All Products
Search
Document Center

Platform For AI:Random Sampling

Last Updated:Jun 14, 2023

The Random Sampling component randomly samples the input data. You can specify the proportion or number of samples. The samples are independent of each other.

Configure the component

You can use one of the following methods to configure the Random Sampling component.

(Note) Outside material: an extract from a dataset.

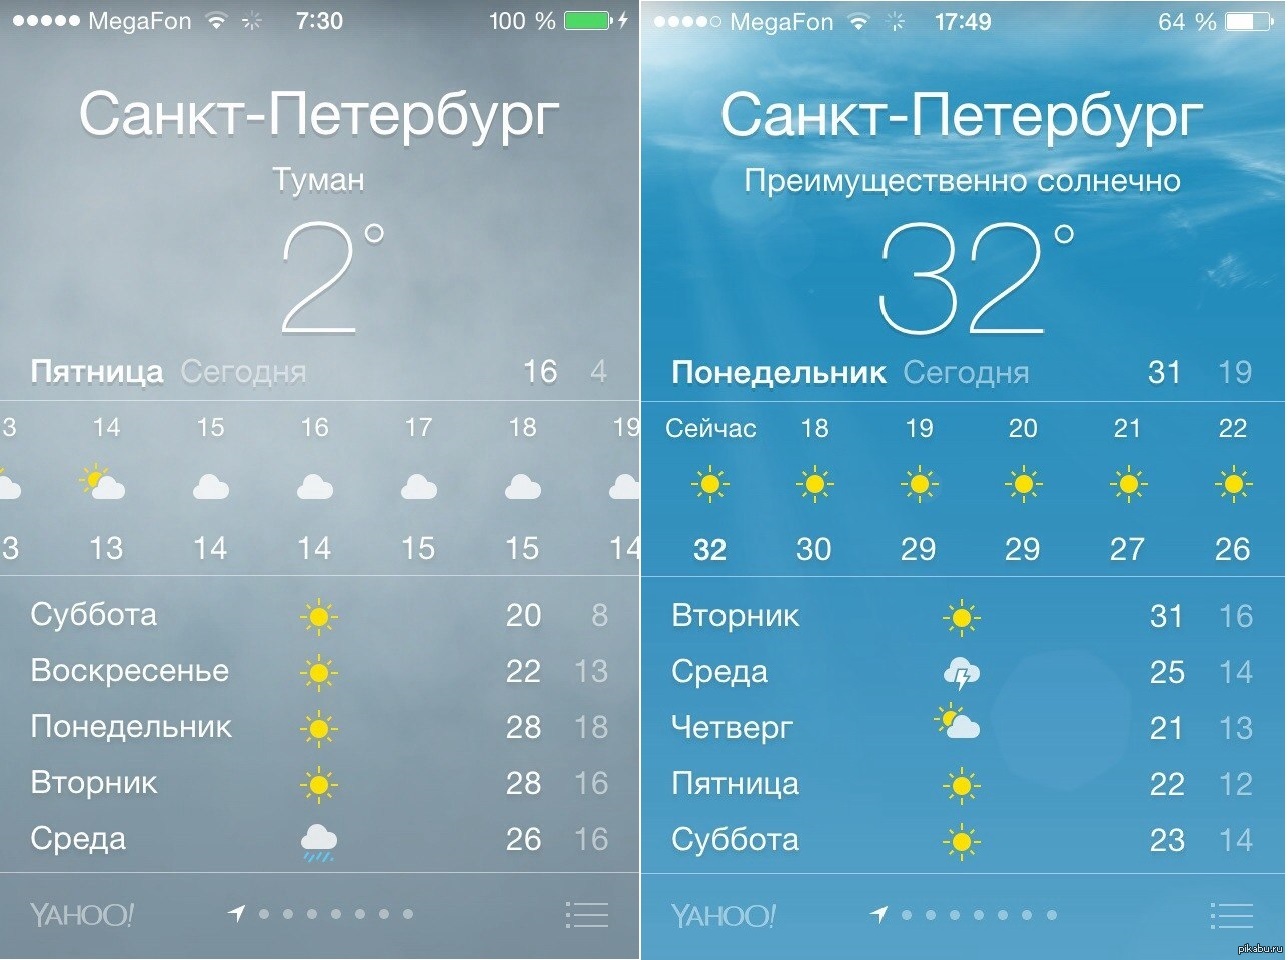 Погода на пятницу субботу воскресенье. Погода всанкитпетербурге. Погода в Санкт-петербургепе. Прогноз погоды в Санкт-Петербурге. Погода в Санкт-Петербурге на сегодня.

Method 1: Configure the component on the pipeline page

Configure the component parameters on the pipeline page of Machine Learning Designer.

Tab

Parameter

Description

Parameters Setting

Sample Size

The value must be a positive integer.

Sampling Fraction

The value must be a floating-point number. Valid values: (0,1).

Sampling with Replacement

By default, this check box is not selected. If you select this check box, sampling with replacement is enabled.

Random Seed

By default, the system determines the value.

Tuning

Cores

The value must be a positive integer. By default, the system determines the value.

Memory Size per Core

The value must be a positive integer. Unit: MB. Valid values: (1,65536). By default, the system determines the value.

Method 2: Use PAI commands

Configure the component parameters by using PAI commands. You can use the SQL Script component to call PAI commands. For more information, see SQL Script.

PAI -name RandomSample \
    -project algo_public \
    -Dlifecycle="28" \
    -DoutputTableName="test2" \
    -Dreplace="false" \
    -DsampleSize="500" \
    -DinputPartitions="pt=20150501" \
    -DinputTableName="bank_data_partition";

Parameter

Required

Description

Default value

inputTableName

Yes

The name of the input table.

No default value

inputTablePartitions

No

The partitions that are selected from the input table for training. The following formats are supported:

  • Partition_name=value

  • name1=value1/name2=value2: multi-level partitions

Note

Separate multiple partitions with commas (,)

No default value

outputTableName

Yes

The name of the output table.

No default value

sampleSize

No

The number of samples.

Note
  • If both the sampleSize and sampleRatio parameters are empty, an error is returned.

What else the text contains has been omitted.